↓
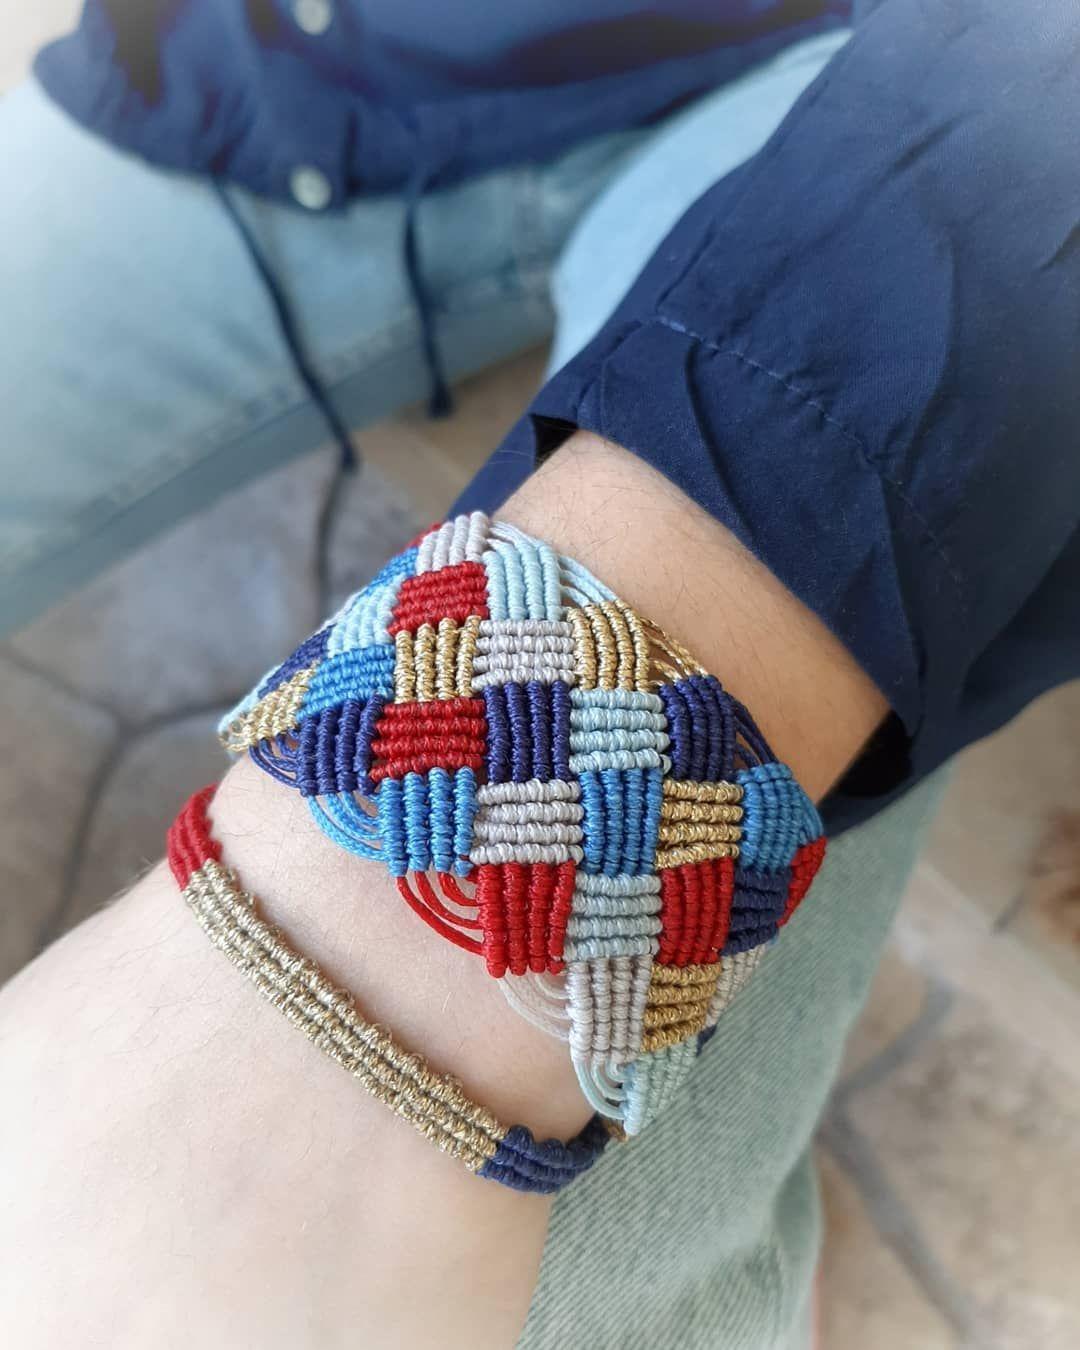 Bracelet#handmade#handcrafted#woman#macrame#waxcord#accessories#cuff#instalove#macrameart#macramelove#blue#bohostyle@sophia_jewlsandmore
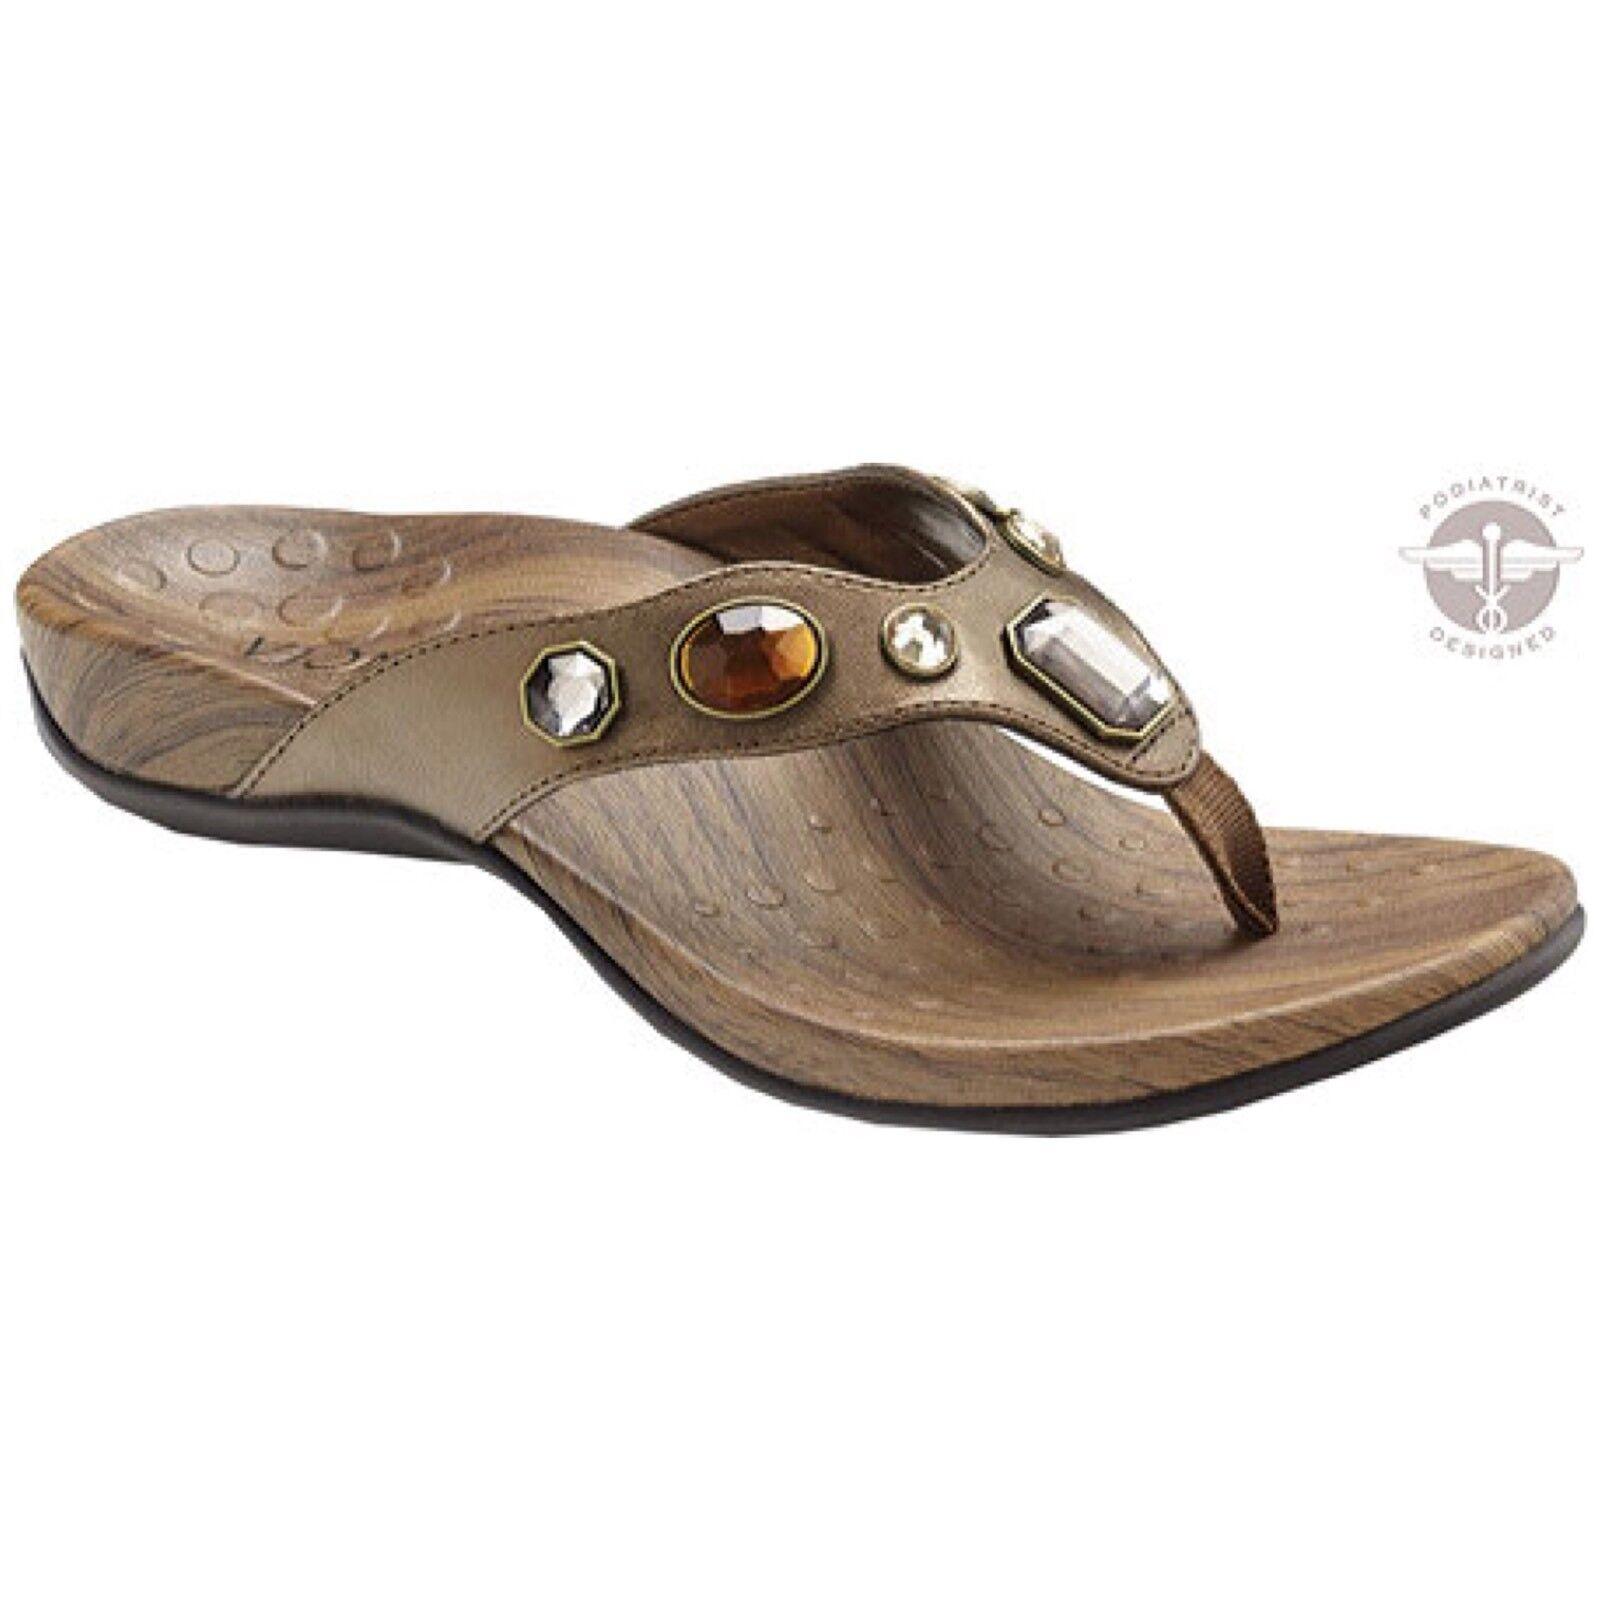 NEW Vionic Eve Womens 11 42 Jewel Sandals Bronze Faux Faux Faux Leather Orthoheel Vegan 1eeca8
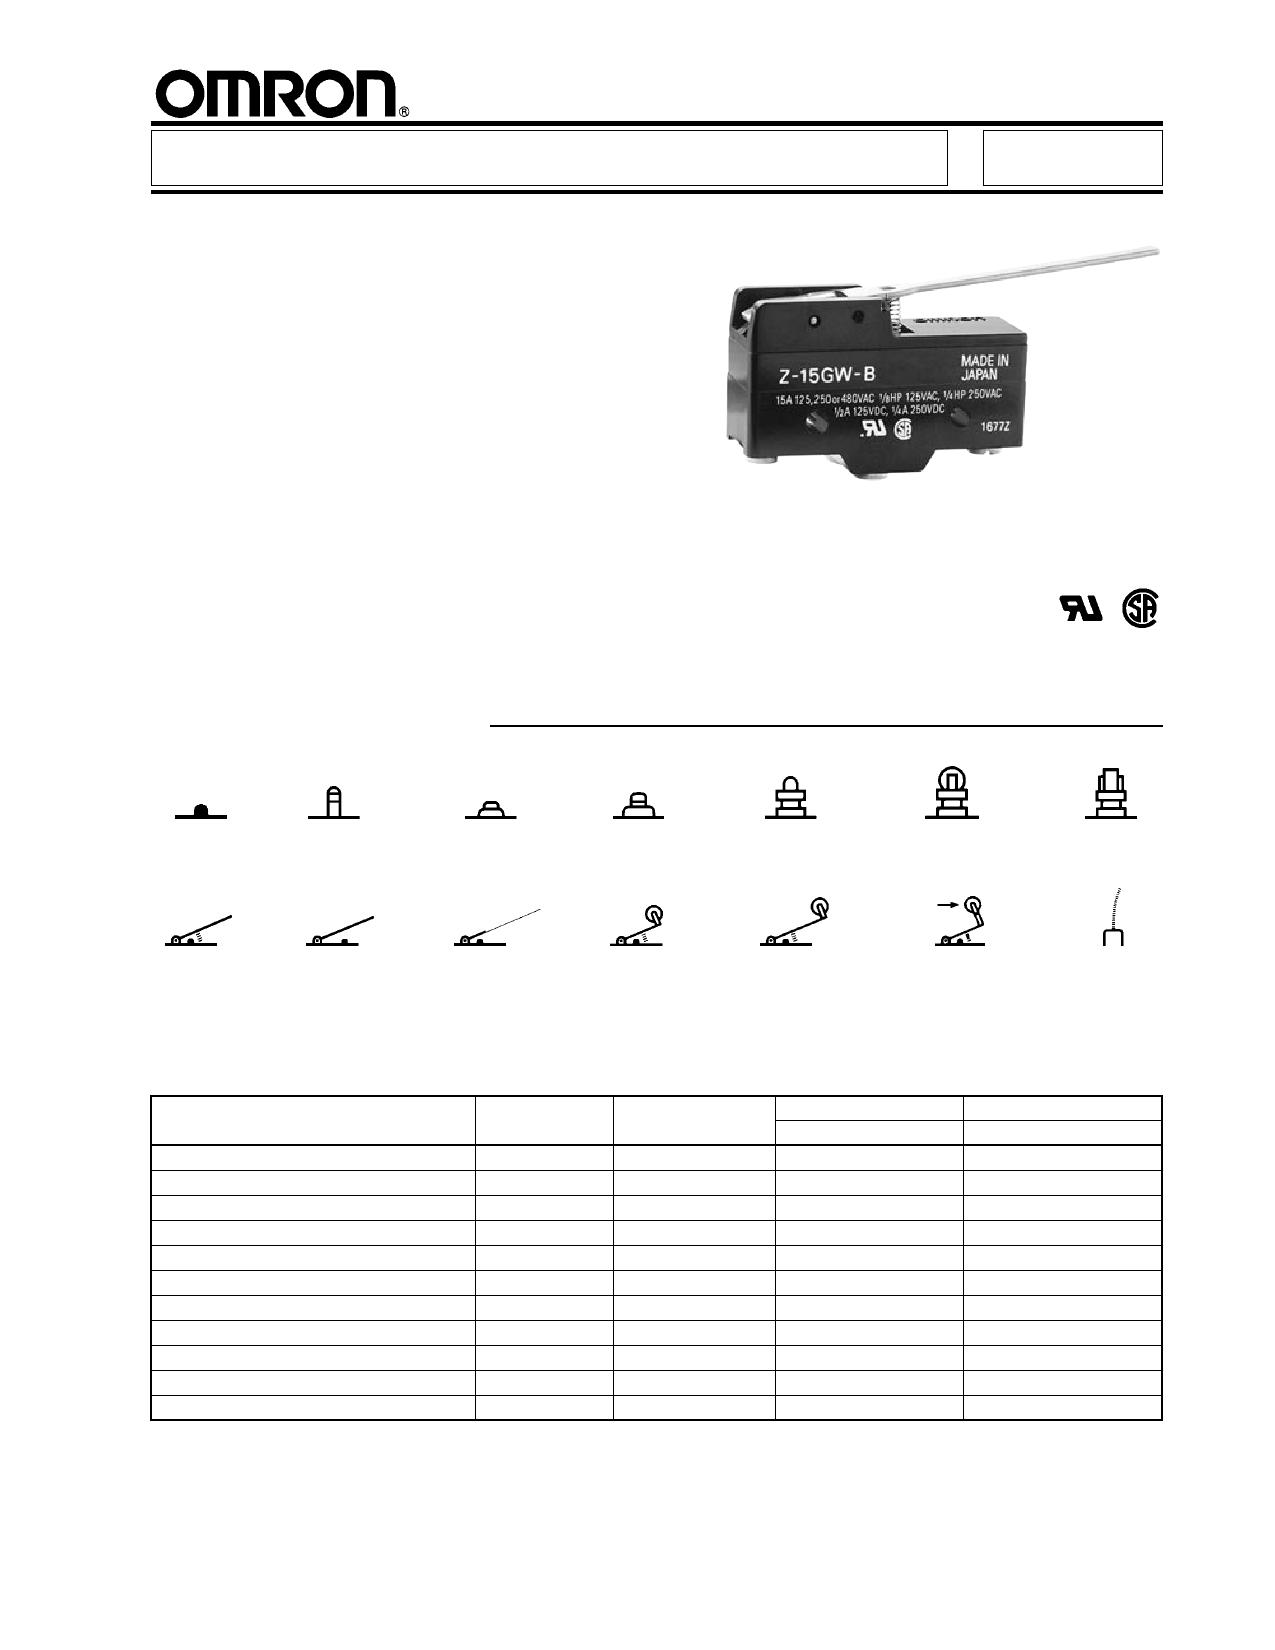 Z-15GQ22-B datasheet
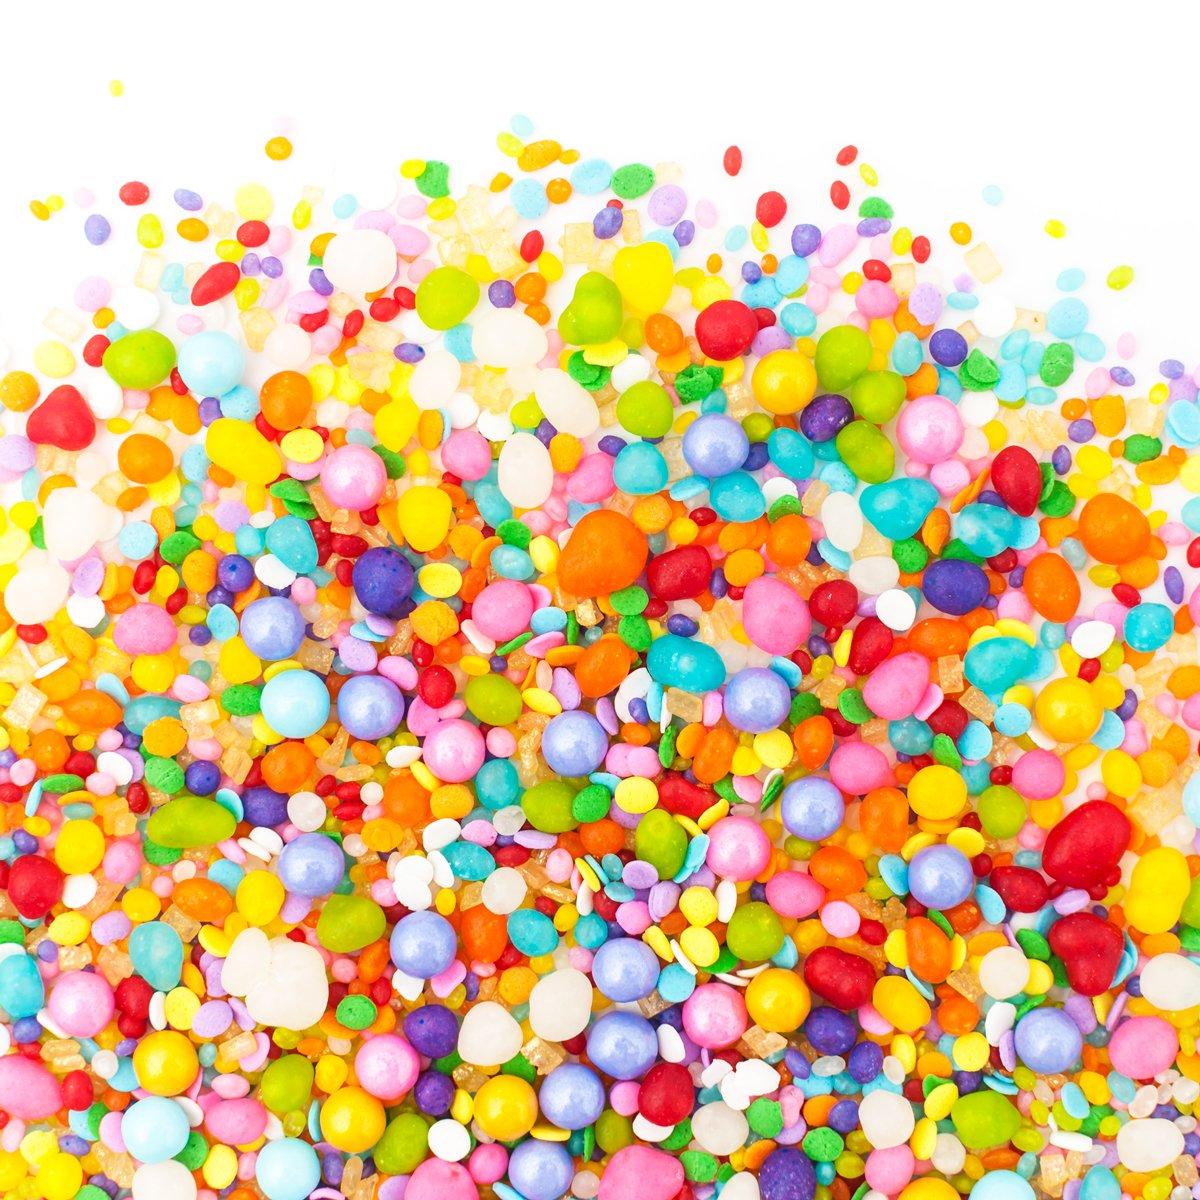 Candy Sprinkles | Unicorn Candyfetti | 8oz Jar | Rainbow Fruity | MADE IN THE USA! | Edible Confetti
↑
*What to do*. Copy the listing word for word, excluding its pictures.

*Response below*.
 Bracelet#handmade#handcrafted#woman#macrame#waxcord#accessories#cuff#instalove#macrameart#macramelove#blue#bohostyle@sophia_jewlsandmore
 NEW Vionic Eve Womens 11 42 Jewel Sandals Bronze Faux Faux Faux Leather Orthoheel Vegan 1eeca8
 Z-15GQ22-B datasheet
 Candy Sprinkles | Unicorn Candyfetti | 8oz Jar | Rainbow Fruity | MADE IN THE USA! | Edible Confetti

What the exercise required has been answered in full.